For those rare of you, who aren't familiar, Malvern Panalytical (https://www.malvernpanalytical.com/) is a Spectris plc company. Their team is focused on the future regarding the technology they produce and the technologies they use, even striving to incorporate the best and latest trends in web development into their website. Learn more about Malvern Panalytical.

This brings me to the topic of implementing Elastic Cloud with Tridion (via SI4T).

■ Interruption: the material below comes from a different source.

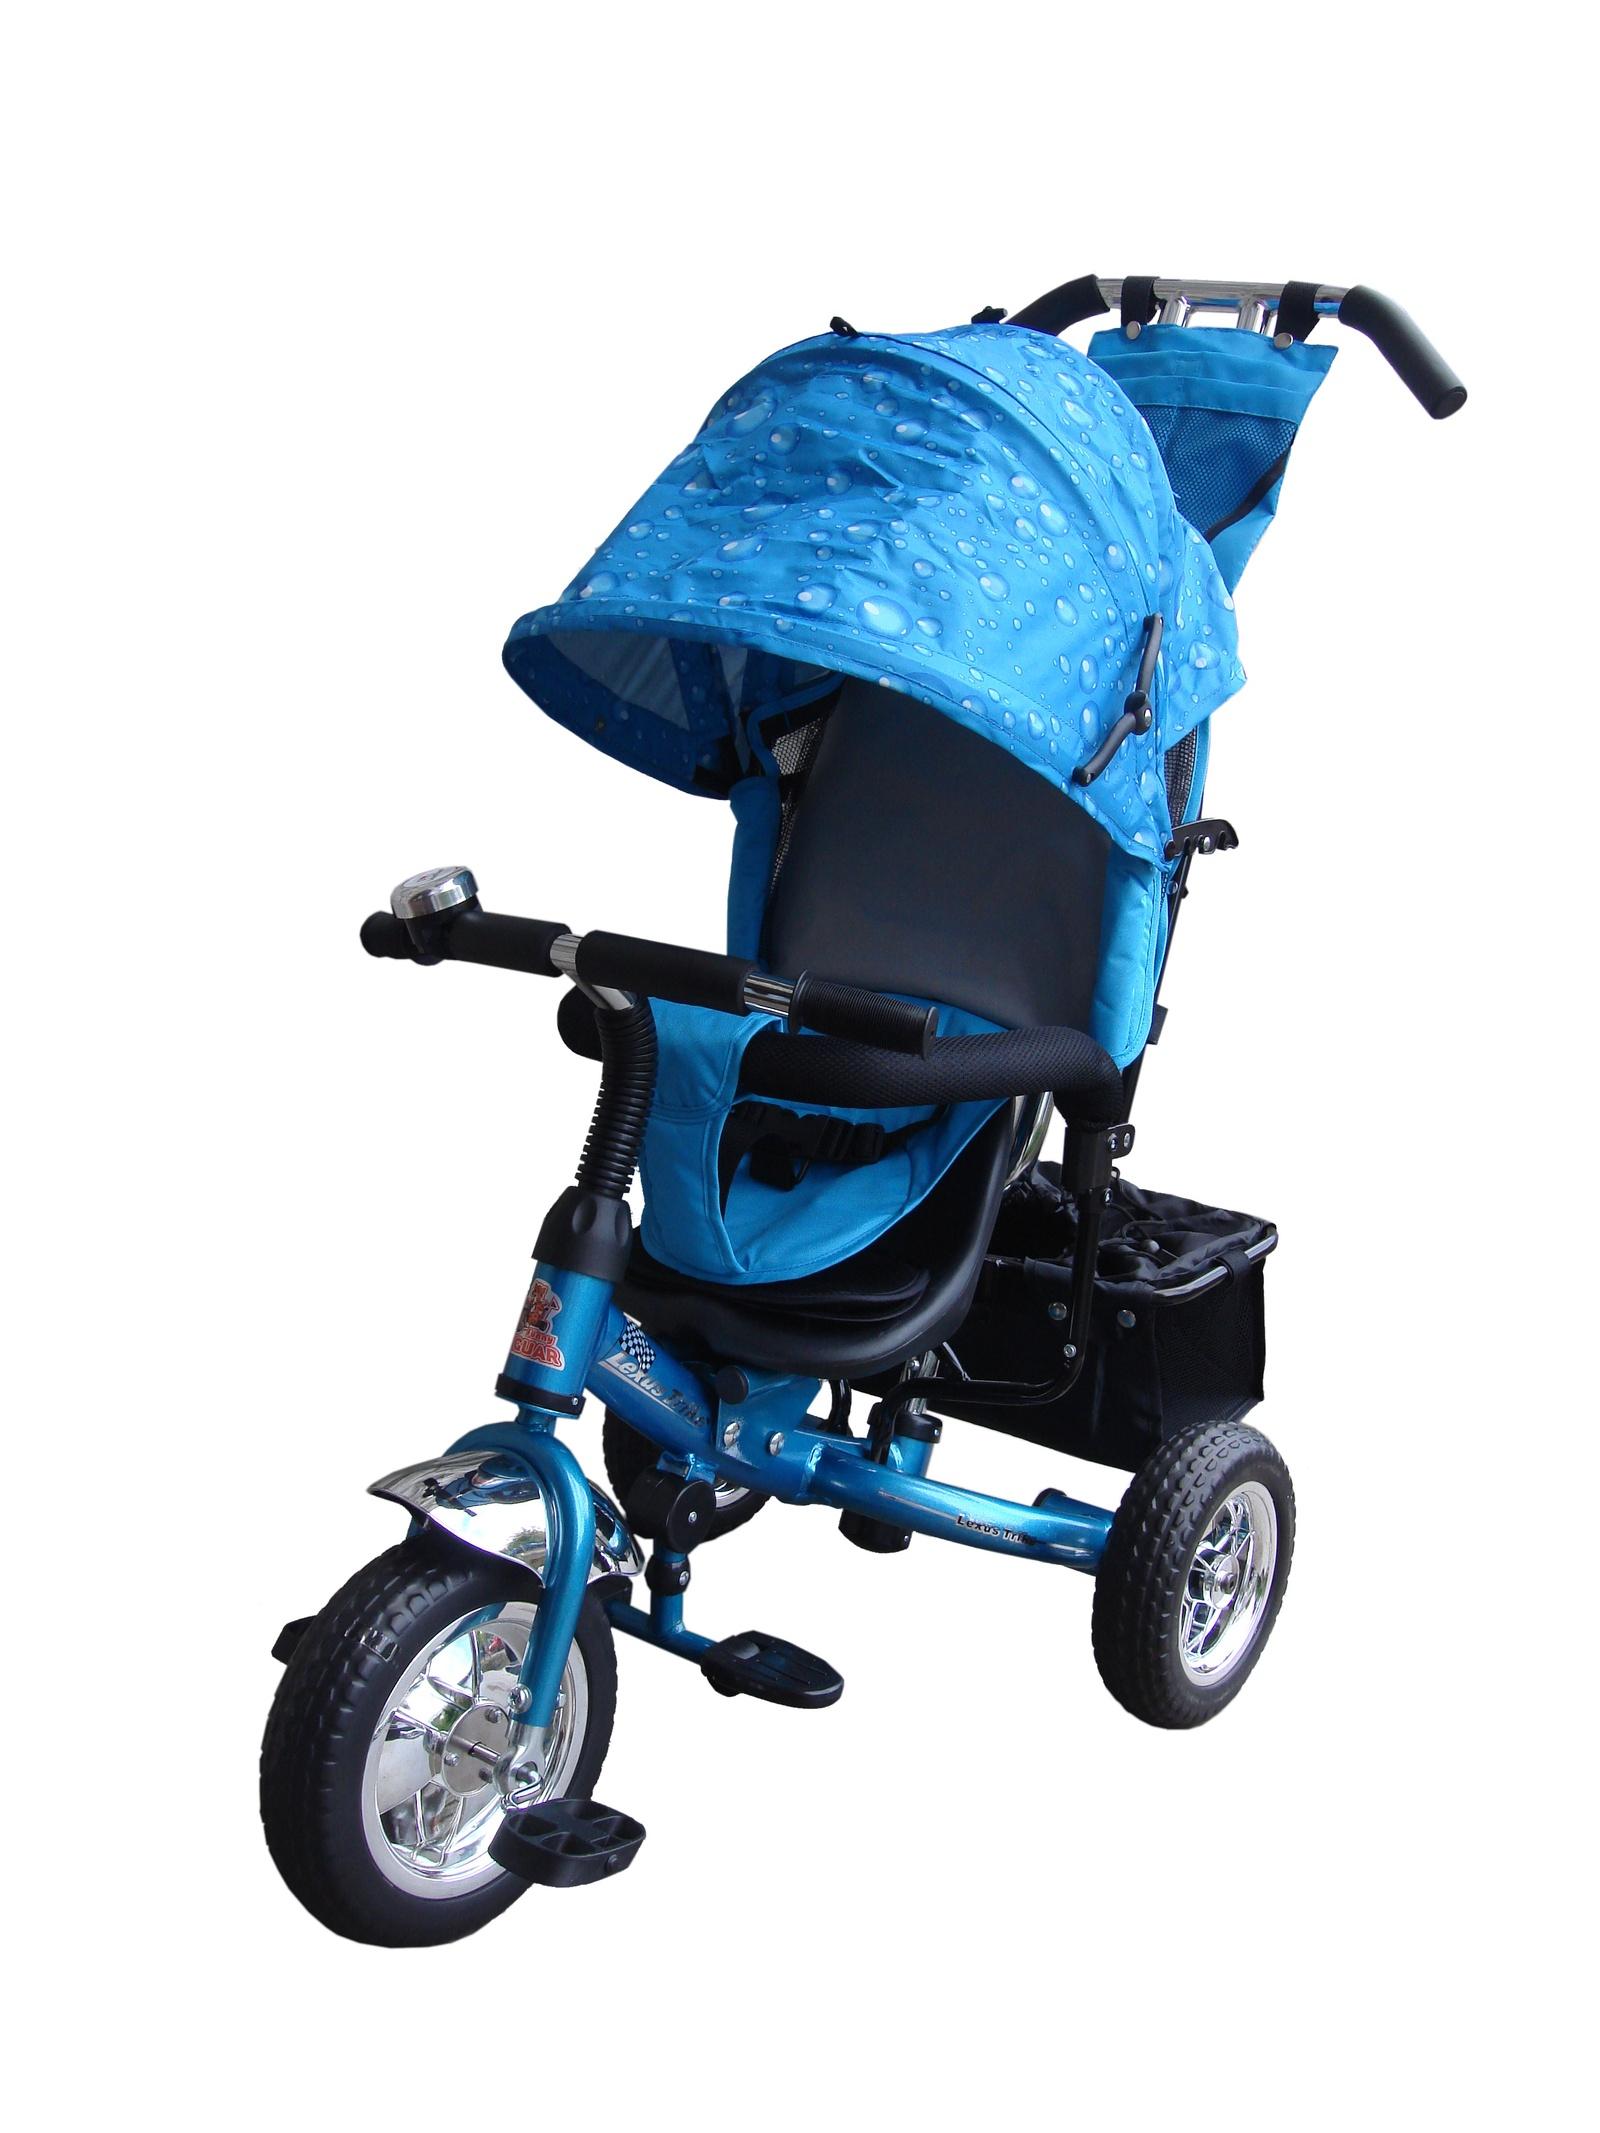 Велосипед Lexus Trike MS-0521, голубой

When Elastic cloud was picked as a go-to search engine to power the website, the question that was asked and discussed was not simply "which search engine would power the website?" but "what should search experience look like in the next few years?" How would adopting Elasticsearch fit within the Tridion ecosystem and, even more importantly, in the company throughout? Can it be easily deployed, upgraded, monitored, or scaled up to meet current and future business needs?

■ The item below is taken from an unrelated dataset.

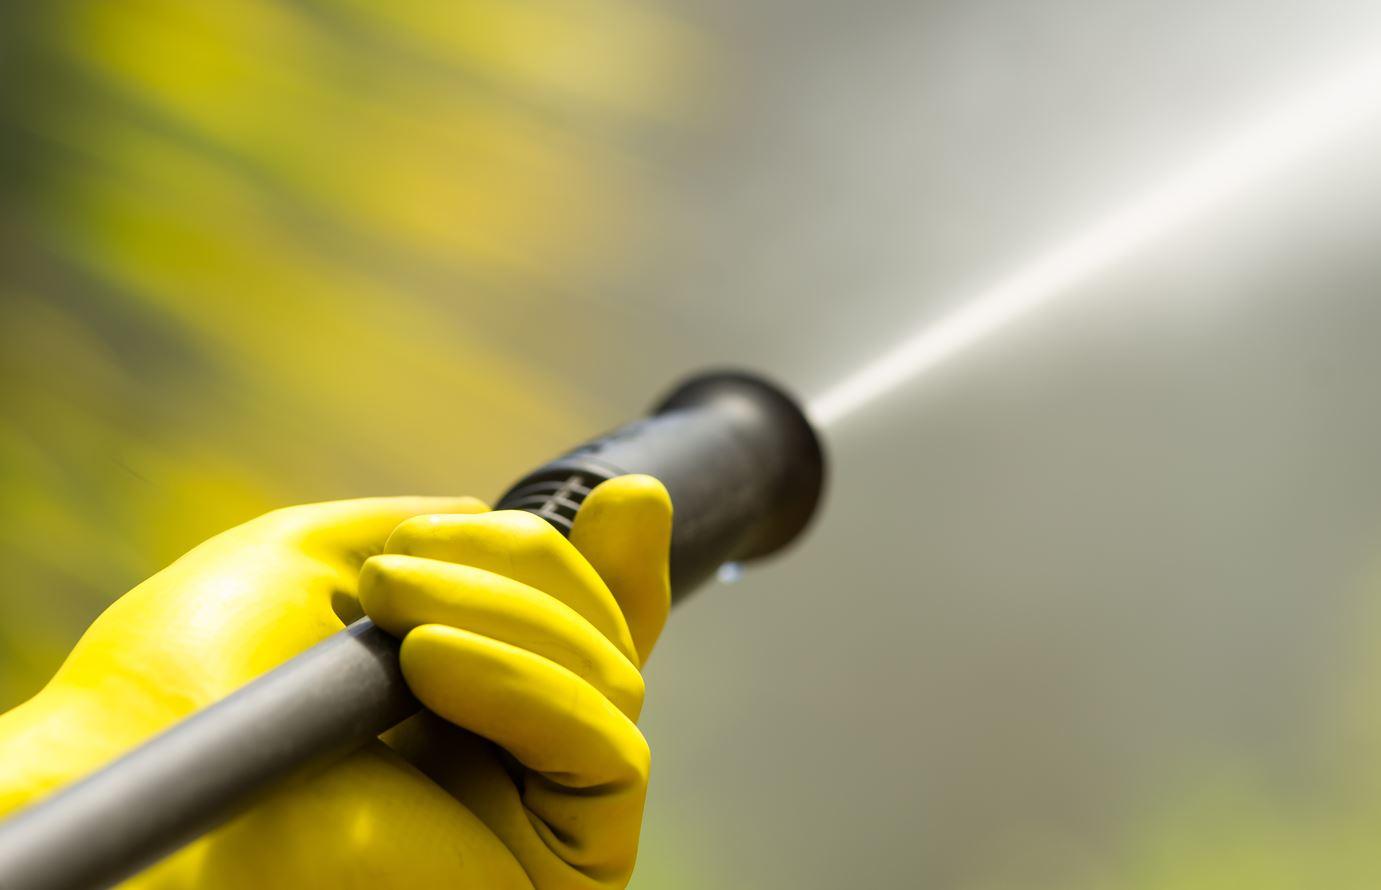 6 Benefits Of Water Blasting

The answer to these and a bunch of other excellent questions came in the form of cloud offerings as solutions, as opposed to the instances that come with Tridion installation, due to the following reasons:

  • Cloud offerings provide benefits like easier deployment and management of instances, tracing tools, etc., pretty much everything that a given cloud offering has in its portfolio.
  • It offers the newest instances of Elasticsearch from 7.17.4 onwards (up to 8.3.2 at the moment of writing this article), which is much newer than what Tridion has to offer (6.x).
  • The client plans to implement Elasticsearch broadly across the company, not just for Tridion, so it makes sense to go with a federated cloud offering.

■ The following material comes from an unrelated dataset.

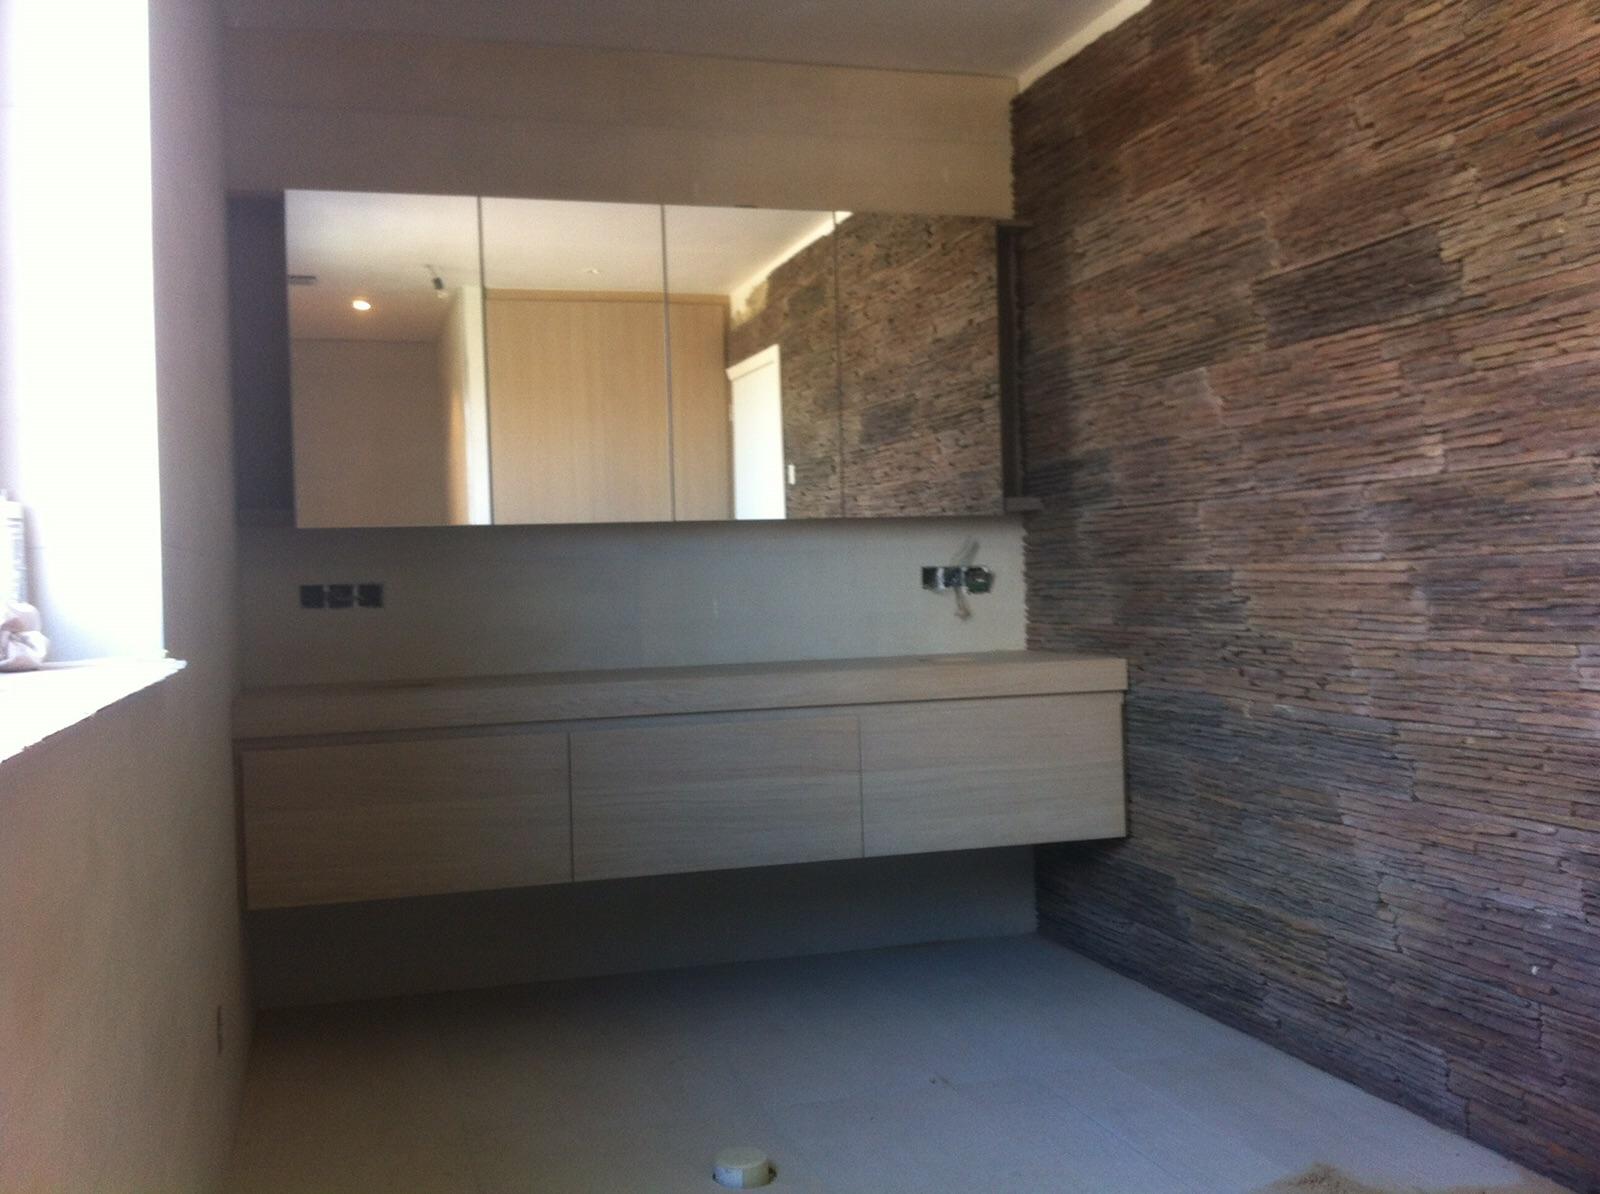 Badkamermeubel design by devos - Meubels originele badkamer ...

In the end, they didn't want to settle with the single, on-prem instance of Elasticsearch that Tridion offers out-of-the-box, where version compatibility must be maintained as only what is supported by Tridion. They wanted to go beyond that. They wanted to integrate any version of Elasticsearch. They wanted to be able to upgrade the Elasticsearch instance in the cloud with a click (ok, maybe a few clicks) while publishing through Tridion continues functioning without even a hiccup.
And they got that!

Solution Overview:

Using SI4T, our main challenge to accomplish this was to update the SI4T deployer storage extension to work with the latest versions of Elasticsearch in the cloud (7.17.4 up to 8.3.2). During the process, we encountered a lot of constraints that guided us during the implementation process, and we will walk through each of them to share our lessons learned.


But we were successful! We didn't just survive; we thrived!

Let me explain how…

A bit about SI4T

As you are probably aware, SI4T or Search Integration for Tridion is an open-source project that helps you pull RWS Tridion CMS-managed content into your web app search index. It was primarily developed to allow you to push your content into Apache Solr. However, in the latest branches, it was customized to push content into Elasticsearch by Velmurugan Arjunan. You can read this blog of his, where he explains his enhancements in detail.

Templating

We did not change the templating output at all. The Template Building Blocks that generate SI4T output were not altered. The only change is in the storage extension. This was in alignment with one of our primary goals to minimize the customizations needed and leverage as much of SI4T as possible.

Updating the SI4T storage extension: the good, the bad, and the ugly!

The Good

The good news is that the only thing that SI4T does regarding Elasticsearch is that it drops prerendered documents to be indexed, or removed. Both actions are done using the bulk command, without additional code processing. So reimplementing that would be easy.

The Bad

The bad news was that SI4T was using the High Level Rest Client API to connect to the Elasticsearch instance. The High Level Rest Client was deprecated as of version 7.15.0 in favor of the Java API Client.

Even though the High Level Rest Client was still working with Elasticsearch 8.x, by enabling compatibility mode, it would still have to be rewritten at some time in the future. So sticking with it was not a valid long-term solution.

The Ugly

The SI4T storage extension is developed as a Java class library. It means that it is written in Java, and compiled against Java 11 (LTS) -- which is the requirement for the Tridion Deployer. However, Elasticsearch Java API Client libraries (.jar) are compiled and built against Java 18, which means that if you deploy them into a Tridion Deployer that runs under Java 11, it will fail.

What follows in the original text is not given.